Highest Performing Teams

So the annual review came in, and I was “very good, meets or exceeds expectations”. According to our 9-box performance management matrix. I need “stretch assignments, coaching and experiences” to move into the pipeline for star leadership potential. They were very vague at the round table about how potential is judged. Last year, I was a high performing intern, but this year I was a cripple. Yet I’m still “very good”.

I was then asked to make a decision about my career and what I was going to “focus on” in second year. When I asked them how I should make my choice, their first response was “do what you are good at” – but my experience to date has been that I have been successful at all asset management, insurance and banking jobs I have been asked to do. They then changed tack and said: “Well then, focus on what you are interested in” – but how can tell them I get assigned based on who needs firefighters the most?

It’s the case that the better you are, the more complex and stressful jobs you get assigned to. The best staff are put on the toughest jobs and kept until they crack or quit. I’m due for a promotion in October, but I can’t see how a week’s worth of training in September will prepare me for the wave of shit come busy season.

When promotions come every year, and only 5% of your staff stay past qualification, and most of your managers come from outside the firm, surely performance reviews are themselves performed perfunctorily? What’s the ROI on these? And it’s not like everyone gets a “very good” in first year- a few got fired last week over bad ratings and failed exams.

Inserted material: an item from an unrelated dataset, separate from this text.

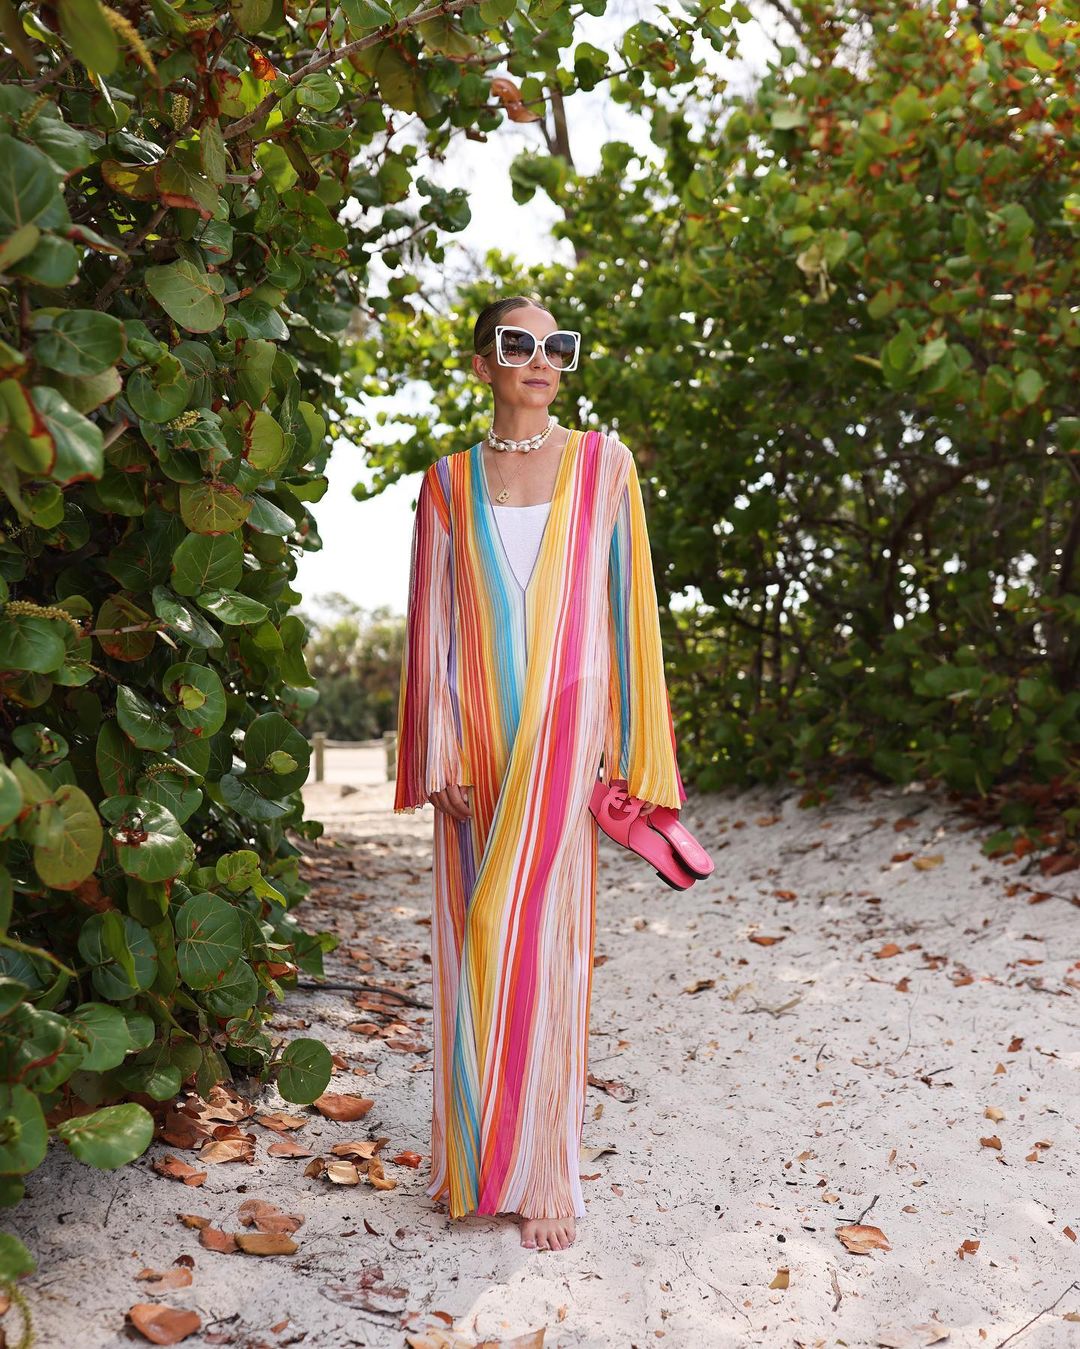 Celebrate Summer With These 10 Beach Vacation Outfits
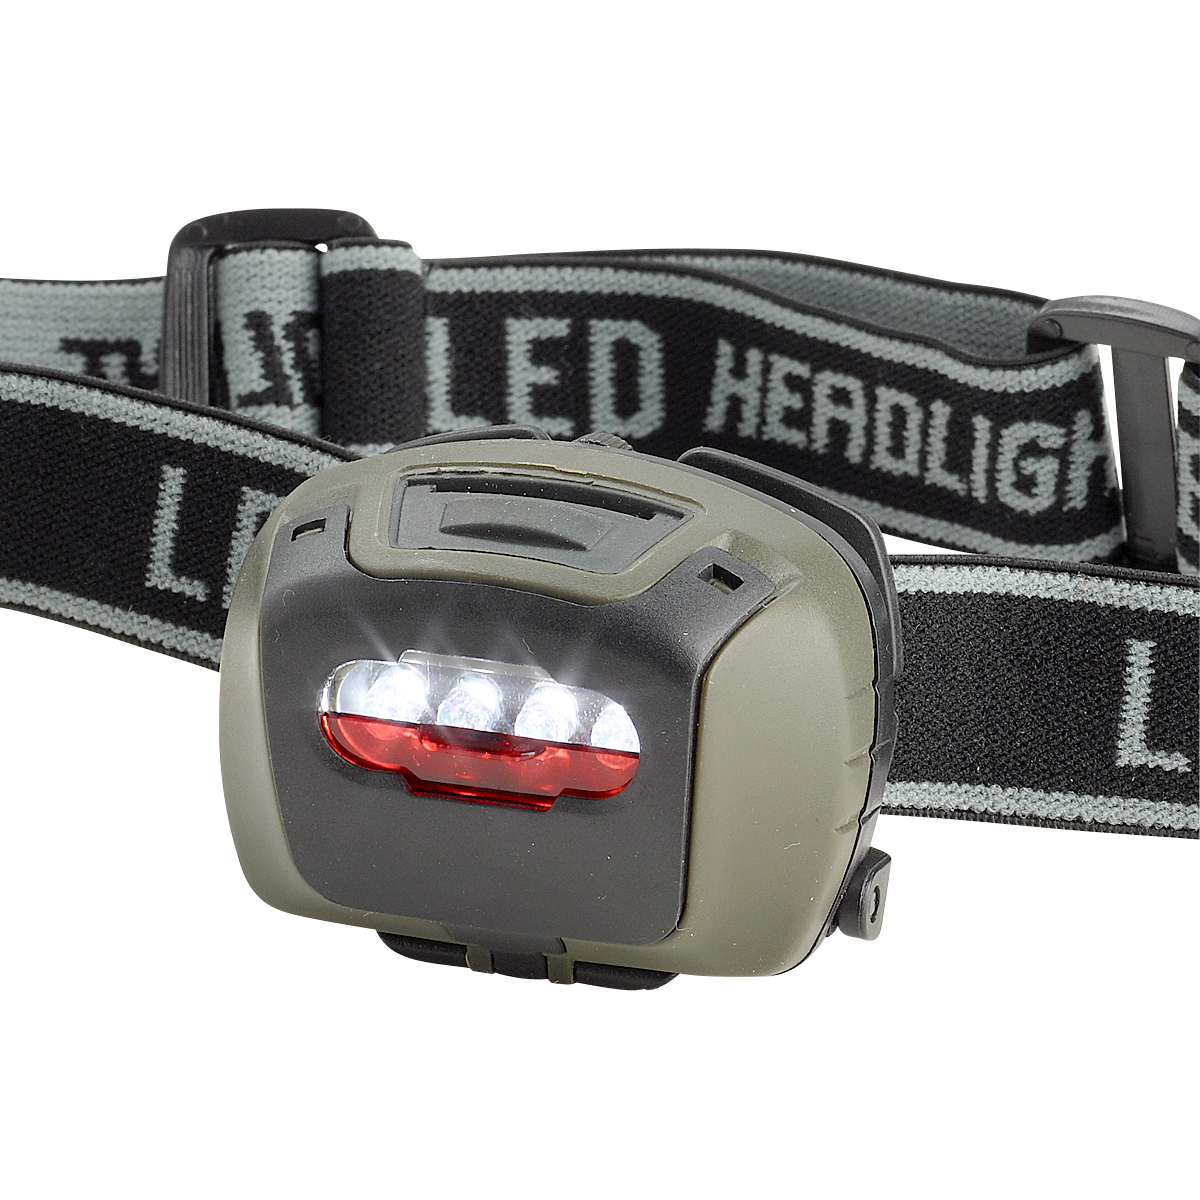 4 LED Headlamp with 3 interchangeable lenses

We are human capital now; we’re in the machine. They need us to fill the gap that the next year up are leaving. We don’t get a choice. If we had the option to refuse promotions, and the extra €160 a month after tax, I wonder how many would, given that our hours worked increases faster than the salary. But stick around for the experience, our bosses tell us. Hold on. “It will be worth it when you qualify”, the partners and HR tell us. Friends who have been conscripts tell me the atmosphere in the firm is like a war – you have to keep you and your buddies going, and try not to think too much when people bite it.

Our business line has the highest turnover and exam fail rate ever in the firm. I wish I knew what the fuck they are doing to combat that. Probably thinking about building next years intake better. Send in the next wave.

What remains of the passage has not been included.